**THE PROBLEM**
Pictures are not part of the answer. Write out exactly the lines from the one containing "La plaque 5" through the end of the material below.

**DATA EXCERPT**
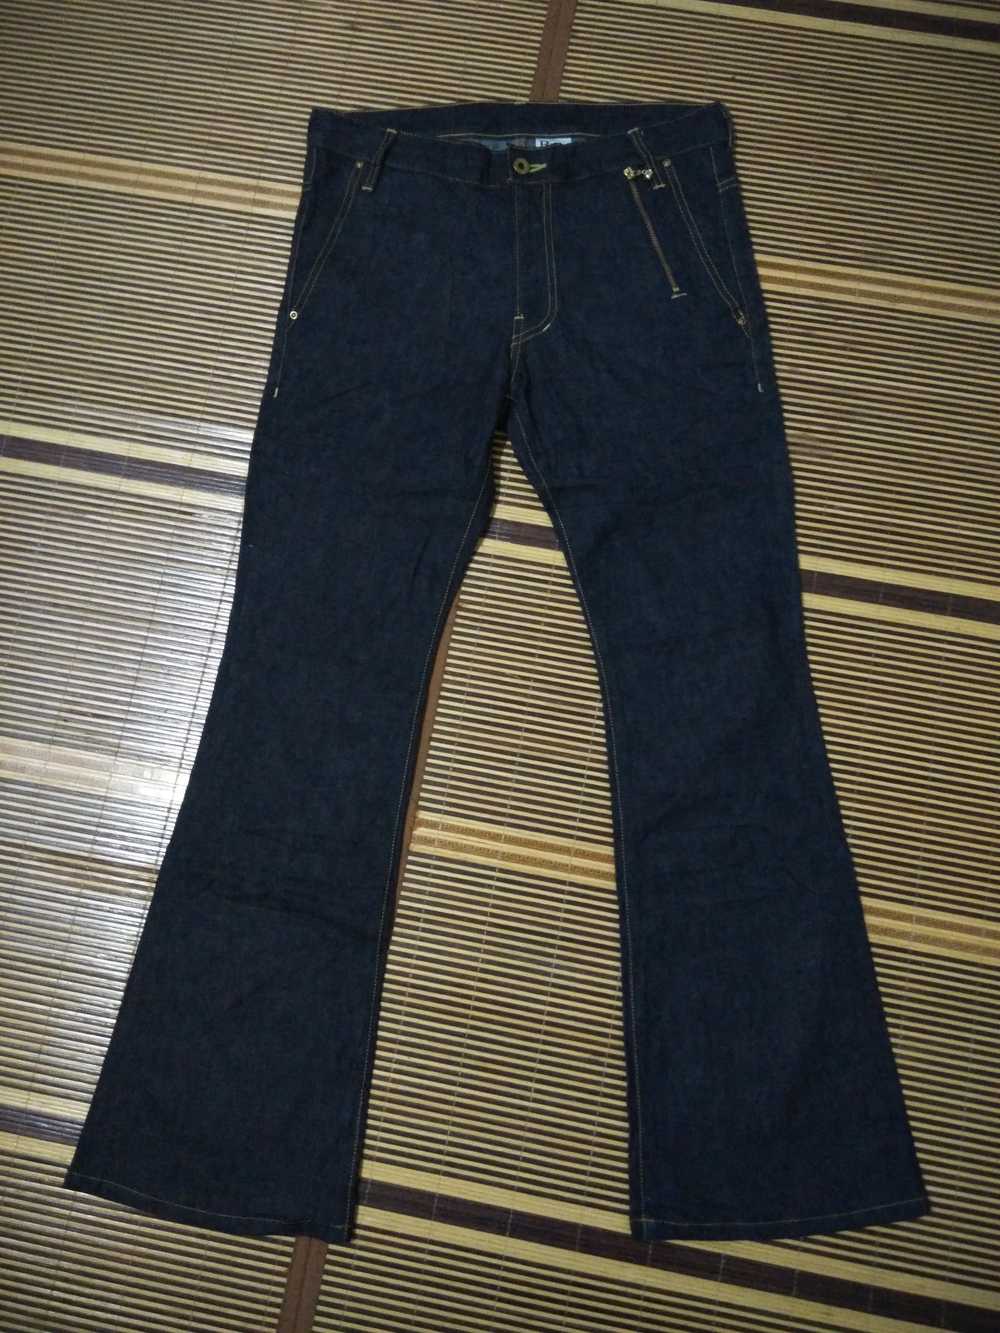 women pants jeans clothing - Gem
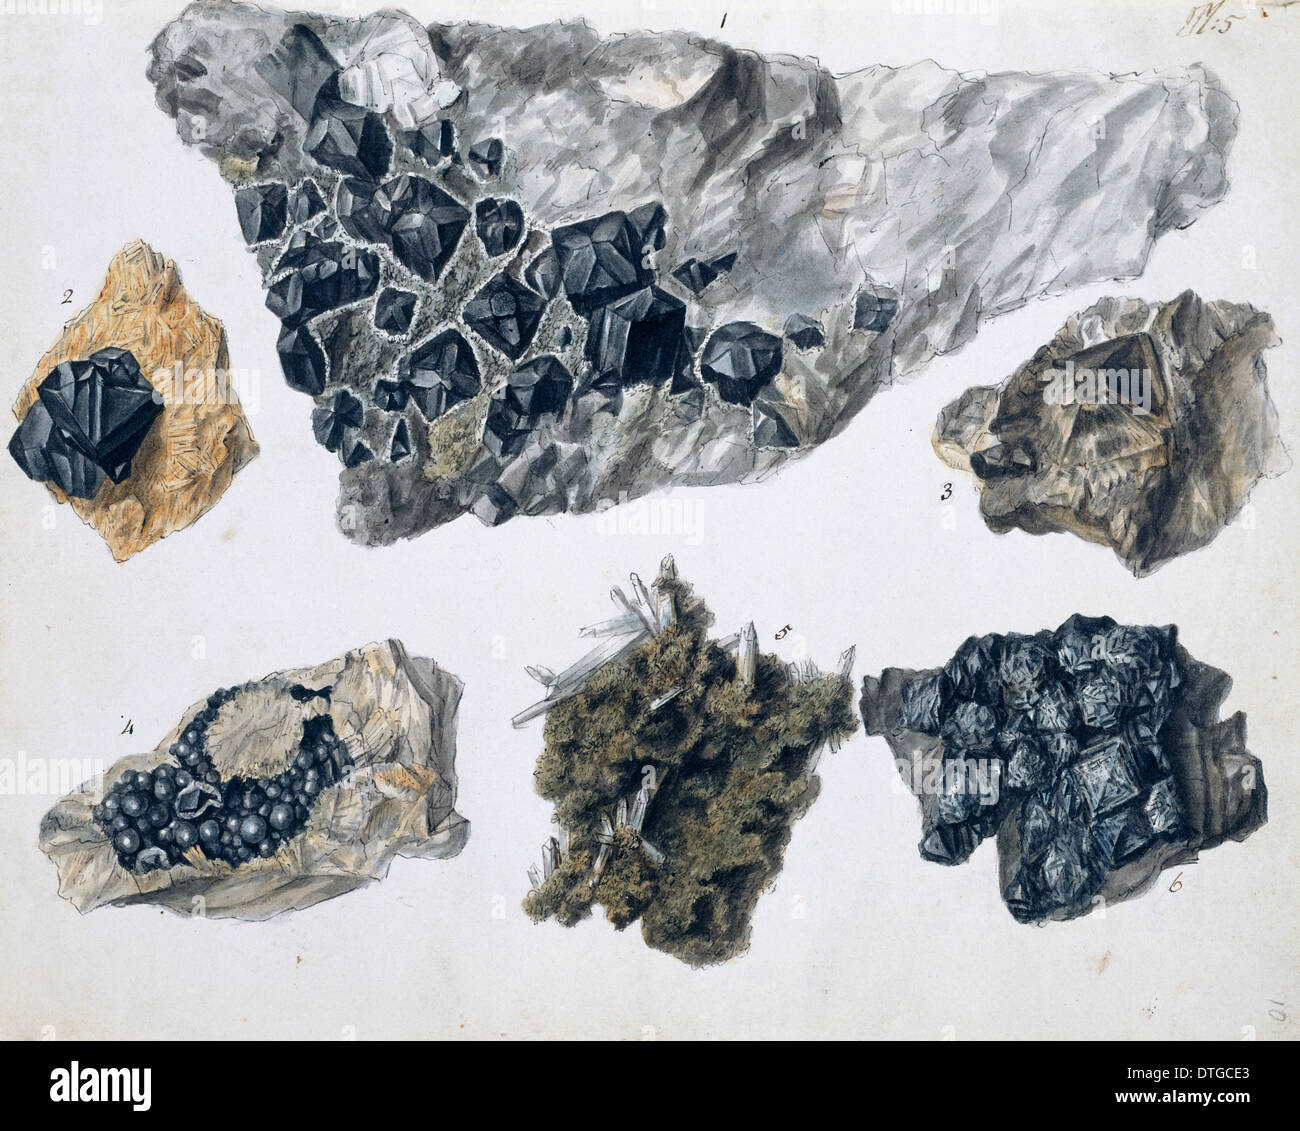 La plaque 5 à partir de spécimens de minéraux britannique ? Tome 1 par P. Rashleigh (1797) Banque D'Images
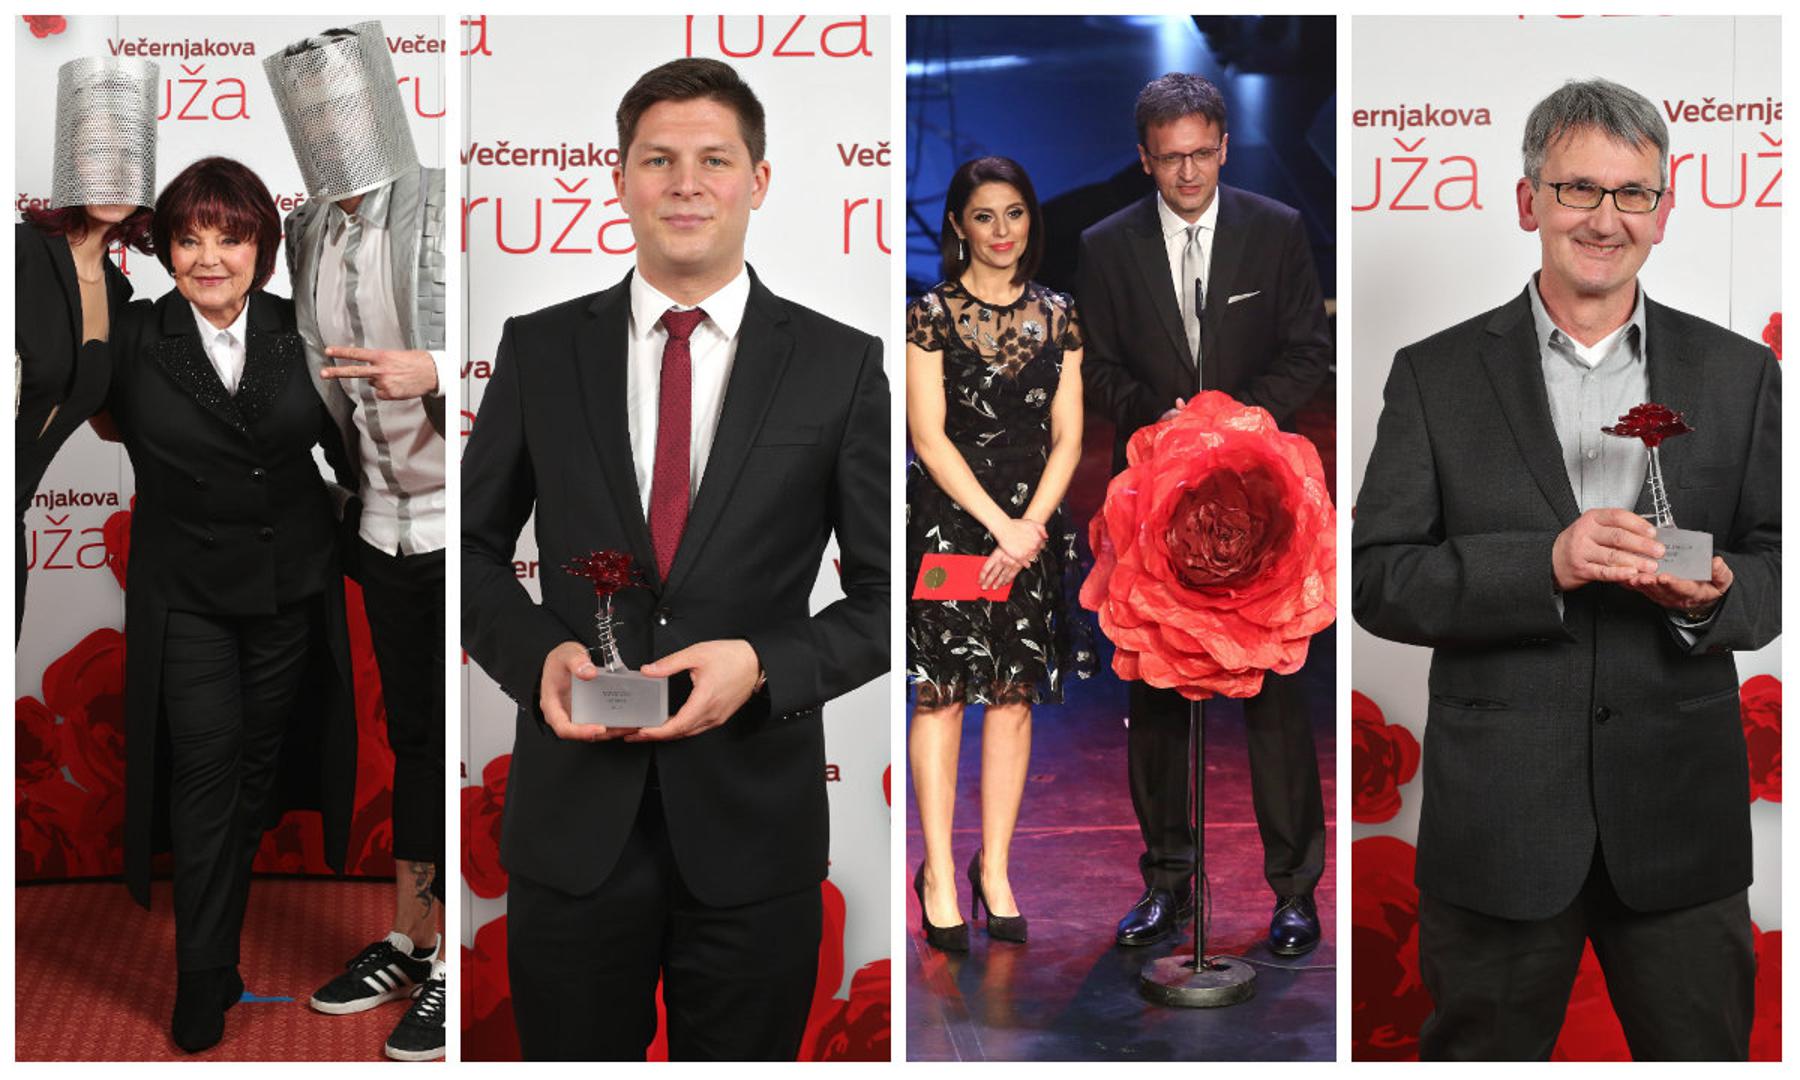 Večeras je u Hrvatskom narodnom kazalištu u Zagrebu dodijeljena prestižna nagrada Večernjakova ruža u sedam kategorija.

**RESULT OF THE EXERCISE**
 La plaque 5 à partir de spécimens de minéraux britannique ? Tome 1 par P. Rashleigh (1797) Banque D'Images
 Večeras je u Hrvatskom narodnom kazalištu u Zagrebu dodijeljena prestižna nagrada Večernjakova ruža u sedam kategorija.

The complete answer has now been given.